Given our estimates of normalized earnings, we believe Ecolab’s shares are selling at a discount to our estimate of the company’s intrinsic value. More specifically, given Ecolab’s stable recurring revenues and the low fixed costs required for expansion, we believe normalized operating margins are higher than current levels.
Catalysts we have identified for Ecolab, which we believe will cause its stock price to appreciate over our three- to five-year investment horizon, include:
- Continued margin improvement through increased scale and operational efficiencies;
- Further expansion through research and development of new ancillary products and services – e.g., the development of its health care and life sciences business;
- Shifting consumer preference toward prepared food consumption from grocery stores uniquely benefits Ecolab’s expertise supplying the food service industry; and
- Embedded digital technologies in service offerings further driving revenue opportunities and deeper relationships with customers.
At Aristotle Capital, our work is focused on individual companies. Where broader issues such as inflation, policy decisions and the pandemic are relevant, we take a long-term approach, attempting to minimize the distractions of what may be on others’ minds. While the headlines focus on short-term news, in our view, the fundamentals of a business are the most important determinants of its long-term stock price performance. Consequently, we believe the best way for an investment manager to consistently add value is to maintain a long-term perspective and focus on understanding a company’s key attributes and value drivers.
The opinions expressed herein are those of Aristotle Capital Management, LLC (Aristotle Capital) and are subject to change without notice. Past performance is not a guarantee or indicator of future results. This material is not financial advice or an offer to purchase or sell any product. You should not assume that any of the securities transactions, sectors or holdings discussed in this report were or will be profitable, or that recommendations Aristotle Capital makes in the future will be profitable or equal the performance of the securities listed in this report. The portfolio characteristics shown relate to the Aristotle Value Equity strategy. Not every client’s account will have these characteristics. Aristotle Capital reserves the right to modify its current investment strategies and techniques based on changing market dynamics or client needs. There is no assurance that any securities discussed herein will remain in an account’s portfolio at the time you receive this report or that securities sold have not been repurchased. The securities discussed may not represent an account’s entire portfolio and, in the aggregate, may represent only a small percentage of an account’s portfolio holdings. The performance attribution presented is of a representative account from Aristotle Capital’s Value Equity Composite. The representative account is a discretionary client account which was chosen to most closely reflect the investment style of the strategy. The criteria used for representative account selection is based on the account’s period of time under management and its similarity of holdings in relation to the strategy. Recommendations made in the last 12 months are available upon request.

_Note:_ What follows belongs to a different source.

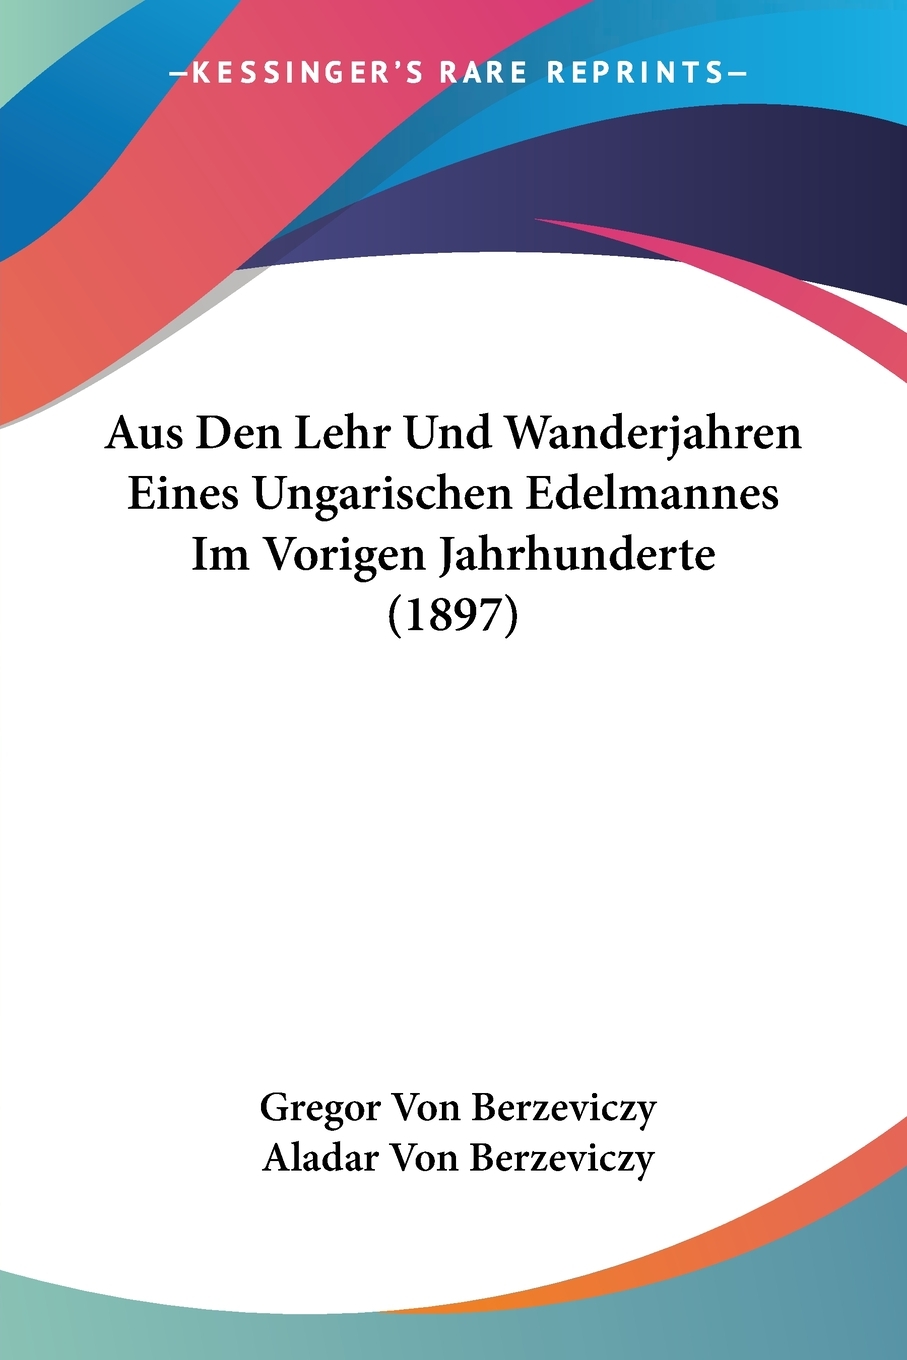 预售按需印刷 Aus Den Lehr Und Wanderjahren Eines Ungarischen Edelmannes Im Vorigen Jahrhunderte(1897)德语ger

Returns are presented gross and net of investment advisory fees and include the reinvestment of all income. Gross returns will be reduced by fees and other expenses that may be incurred in the management of the account. For example, a 0.5% annual fee deducted quarterly (0.125%) from an account with a ten-year annualized growth rate of 5.0% will produce a net result of 4.4%. Actual performance results will vary from this example.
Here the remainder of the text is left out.